Long hair lover here! Long hair just has a more feminine, sexy look to me! I love the way my wife's hair covers her neck and shoulders. I also love to move that hair to the side as I nibble on her neck and shoulders.


----------



## DanglingDaisy (Mar 26, 2012)

I just got my hair cut short(was really long)-a bob that has a sharp edge(long in the front short in the back). I never thought I could pull it off but it looks super sexy on me(just as much as long hair did)...

I have to agree-no matter what you're hair length is-a GOOD stylist is key. If you get a great cut,but it's wrong for your face shape it won't work with all the confidence in the world!


----------



## occasionallybaffled (Apr 12, 2012)

DanglingDaisy said:


> I just got my hair cut short(was really long)-a bob that has a sharp edge(long in the front short in the back). I never thought I could pull it off but it looks super sexy on me(just as much as long hair did)...
> 
> *I have to agree-no matter what you're hair length is-a GOOD stylist is key.
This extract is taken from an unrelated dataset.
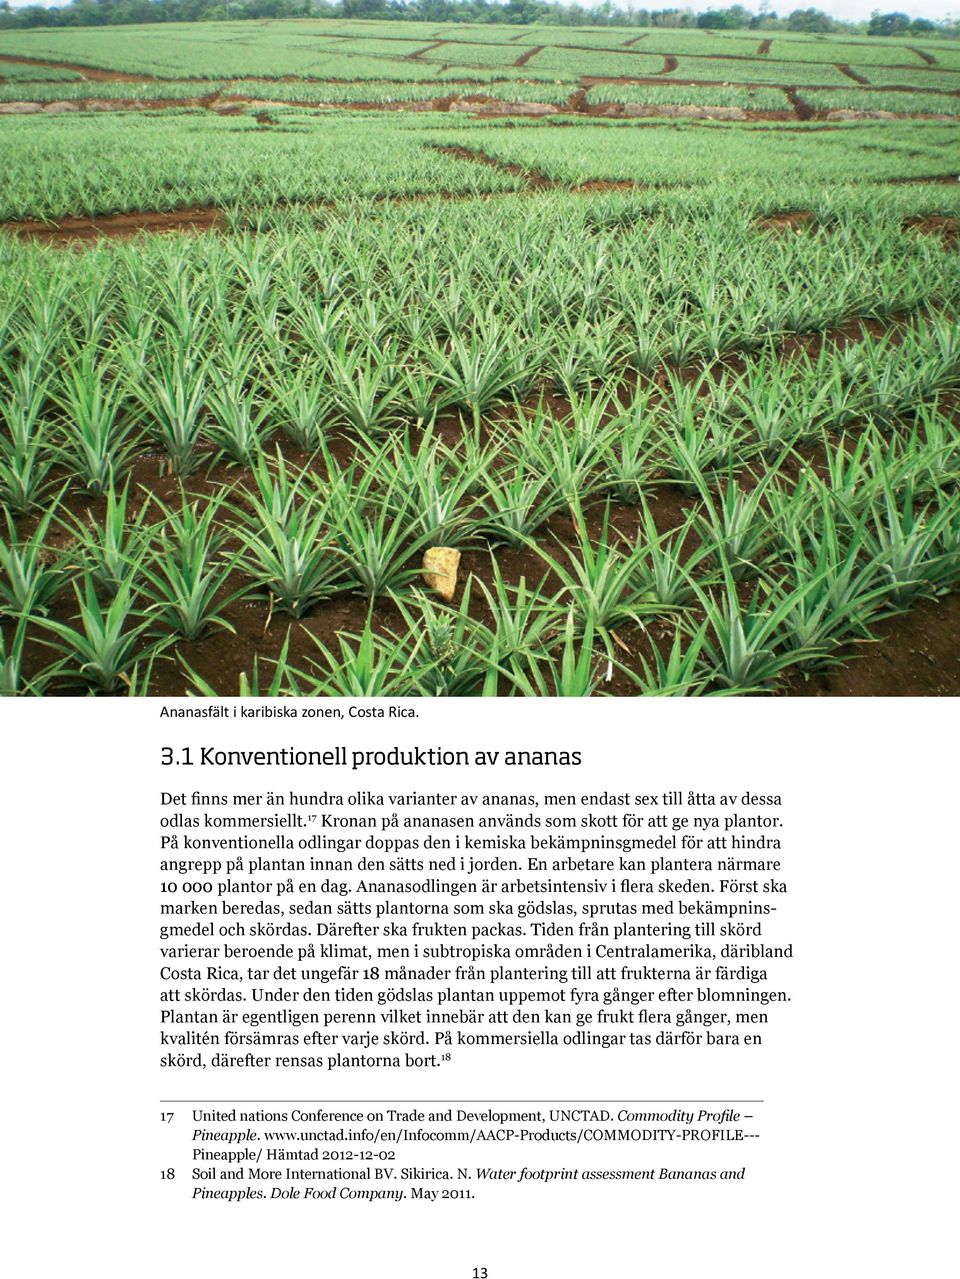 En arbetare kan plantera närmare 10 000 plantor på en dag. Ananasodlingen är arbetsintensiv i flera skeden.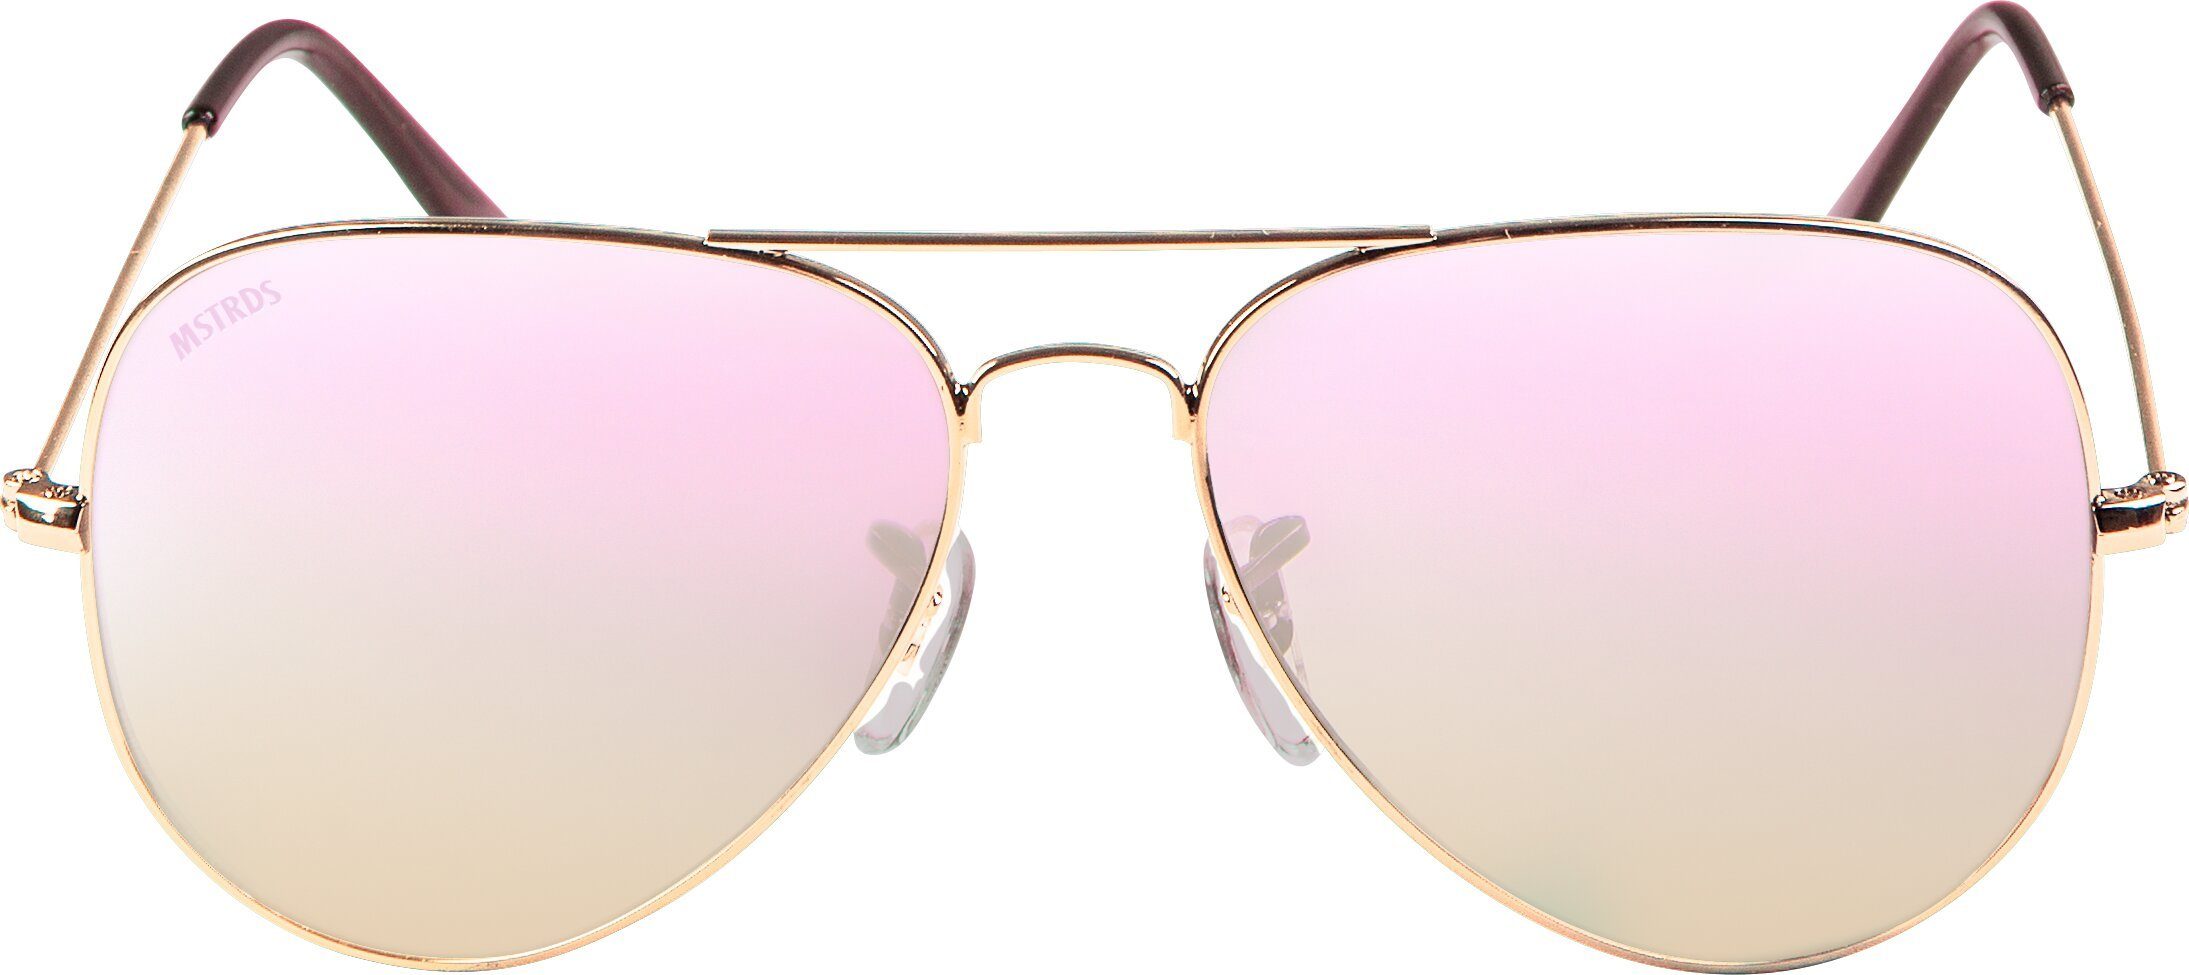 MSTRDS Sonnenbrille Accessoires PureAv gold/rosé Sunglasses

If you get a great cut,but it's wrong for your face shape it won't work with all the confidence in the world!*




:iagree: As long as it isn't self cut (fumbling in the bathroom with scissors), I think a professional cut could be pulled off by most women.


----------



## SprucHub (Jan 13, 2012)

I have never noticed that women have hair, interesting.


----------



## Posse (Jan 30, 2012)

I don't like short hair on women.

That said, as evidence that preselection truly works, when I was in college there was a stunner that I looked straight past because of the short hair she had until my dormmates were talking about how hot she was.

I noticed her then and joined in the competition to date her. We ended up dating for about a year. I never would have noticed her because of her hair if the friends hadn't started talking about her.


----------